Wanneer er meer initiatieven zijn dan er ruimte is in het budget dan geldt:
1..Initiatieven die aansluiten bij de wijk- of gebiedsvisie hebben de voorkeur
2..Streven we naar gelijkwaardige verdeling over de gebieden.
3..Initiatieven die mede worden uitgevoerd door bewoners en/of waarbij bewoners cofinanciering
hebben gevonden worden gewaardeerd boven initiatieven die dat niet hebben.
De werkgroep leefbaarheid en veiligheid brengt over de verschillende ingediende aanvragen een
advies uit aan het college. Het college besluit welke verzoeken worden gehonoreerd.
Wat betreft het centraal leefbaarheidsbudget maken we een onderscheid tussen initiatieven die de
fysieke leefbaarheid aangaan en initiatieven die de sociale leefbaarheid aangaan.
Stimuleren fysieke leefbaarheid
Bewoners kunnen vaak zelf het beste aangeven welke ingrepen in de woonomgeving het meeste
effect hebben om de eigen wijk of het eigen dorp een nog prettiger plek te maken om te wonen. Zo
kan het zijn dat er de laatste tijd veel kinderen geboren zijn zodat de speelplek aangepast moet
worden aan jonge kinderen of kan er een bepaald kruispunt zijn waar oversteken onveilig is. Dit type
van ingrepen sluiten veelal aan bij kerntaken van de gemeente waarvoor regulier budget beschikbaar
is. Daarom is ervoor gekozen de verzoeken ter verbetering van de fysieke leefbaarheid in de tijd te
laten passen binnen de gemeentelijke beleidscycli.

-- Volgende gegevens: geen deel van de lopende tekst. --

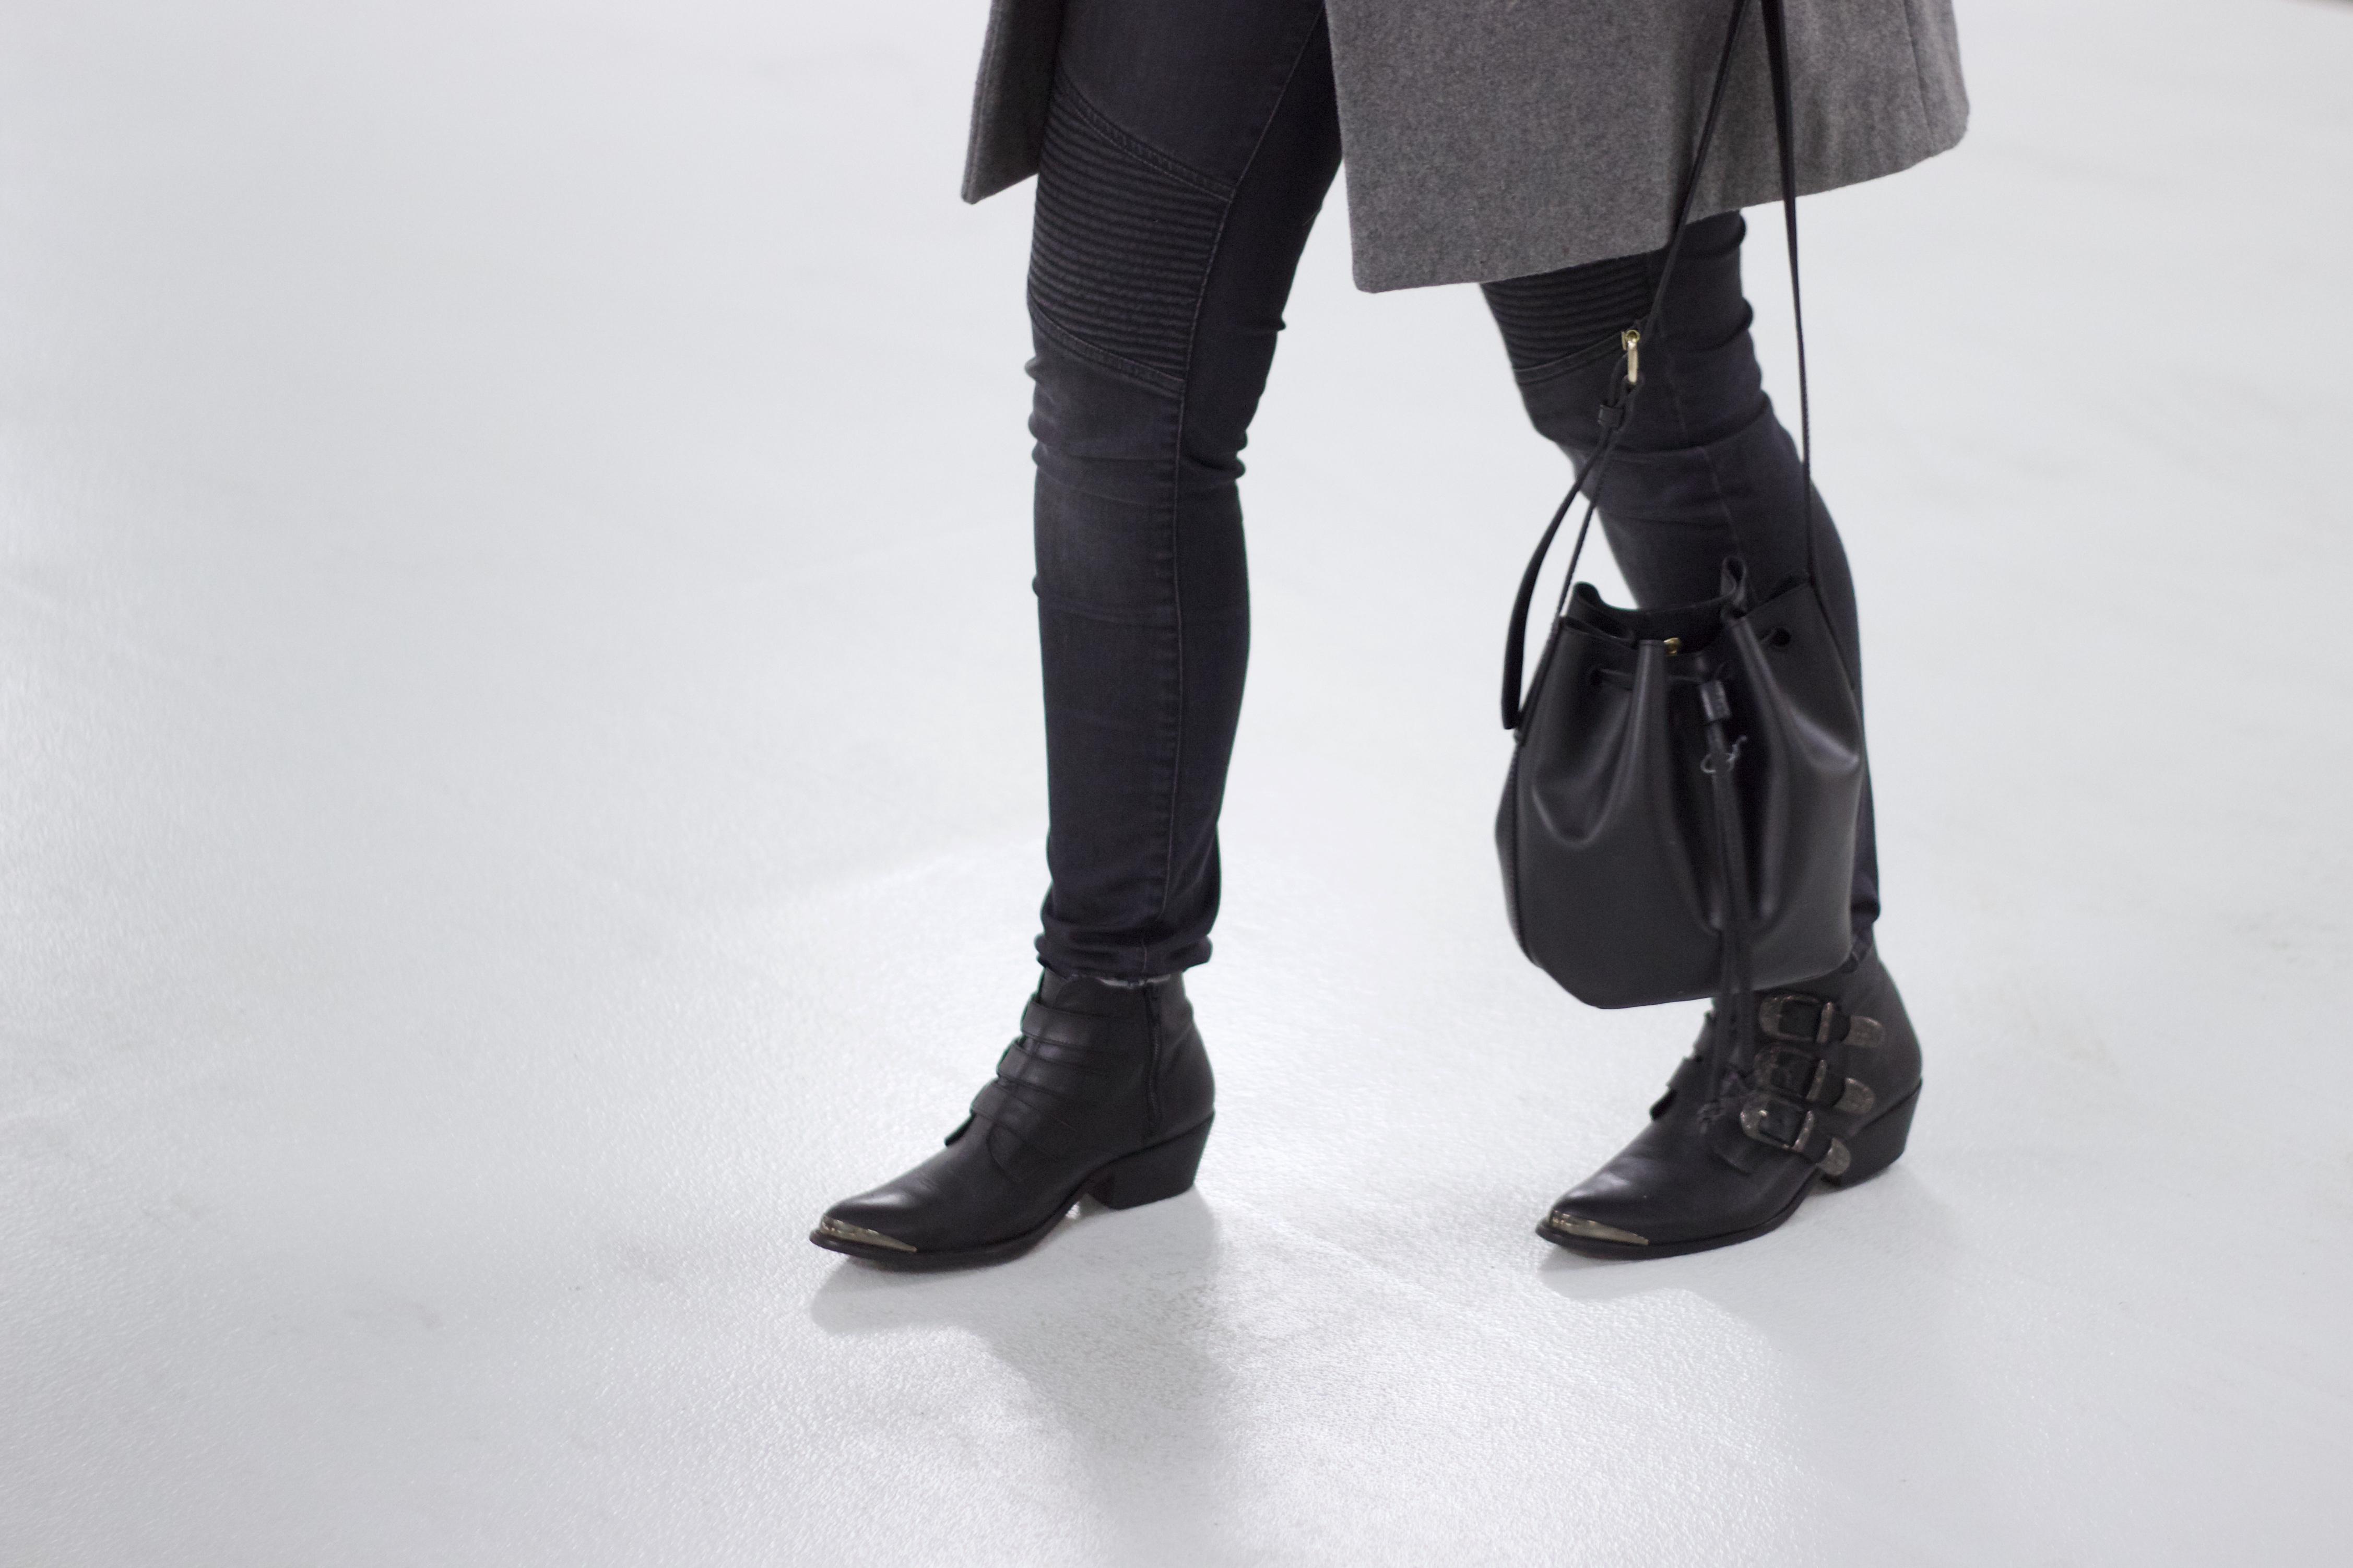 Black-grey-streetstyle-combination-simple-basic

Initiatieven gericht op de fysieke leefbaarheid kunnen voor uitvoering in het jaar 2012 nog voor 1 april
worden ingediend. Daarna kunnen initiatieven voor 1 oktober worden ingediend, zodat we die zo veel
mogelijk kunnen inpassen in regulier gemeentelijk beleid en uitvoering in het daaropvolgende jaar. De
reële en haalbare initiatieven zullen dan worden opgenomen in de uitvoeringsplannen voor het daarop
volgend jaar. Ze worden betaald uit de reguliere gemeentelijke middelen, met waar dat niet of niet
helemaal past soms tot uitvoering komen met aanvullende financiering vanuit het centraal
leefbaarheidsbudget.
Tweederde deel van het centraal leefbaarheidsbudget oormerken we voor verbetering van fysieke
leefbaarheid.
10
Stimuleren sociale leefbaarheid
Initiatieven ter verbetering van de sociale leefbaarheid, zoals wijkschaatswedstrijden op de plassen,
straatspeeldag, samen paaseieren zoeken of een grote buurtschoonmaakactie zijn minder makkelijk
een jaar van tevoren in te plannen, ook zou dit ontmoedigend kunnen werken. Daarom kunnen deze
initiatieven gedurende het gehele jaar worden ingediend. De initiatieven moeten voldoen aan de
volgende voorwaarden om voor de subsidie in aanmerking te komen:
 De activiteit is bedoeld voor een groter gebied dan één straat, de activiteit is toegankelijk voor
(een groot deel van) de bewoners van het betreffende gebied,
 De activiteit bevordert de sociale cohesie,
 Eten en drinken wordt niet vergoed door de gemeente, alleen aanvullende activiteiten,
 De organisatoren dienen zorg te dragen voor de veiligheid van de mensen die meedoen en
voor de veiligheid van de overige weggebruikers
 De activiteit mag geen commercieel doel dienen,
 Het is de verantwoordelijkheid van de organisatoren zorg te dragen voor de eventueel
benodigde vergunningen,
Eénderde deel van het centraal leefbaarheidsbudget oormerken we voor verbetering van sociale
leefbaarheid.
Wellicht blijkt in de gesprekken met bijvoorbeeld de corporaties dat zij bereid zijn geld beschikbaar te
stellen voor het gebiedsgericht werken. De afspraken aangaande deze budgetten zullen worden
vastgelegd in samenwerkingsovereenkomsten met deze partijen. De hierboven voorgestelde
spelregels gelden uitsluitend voor gemeentelijk geld.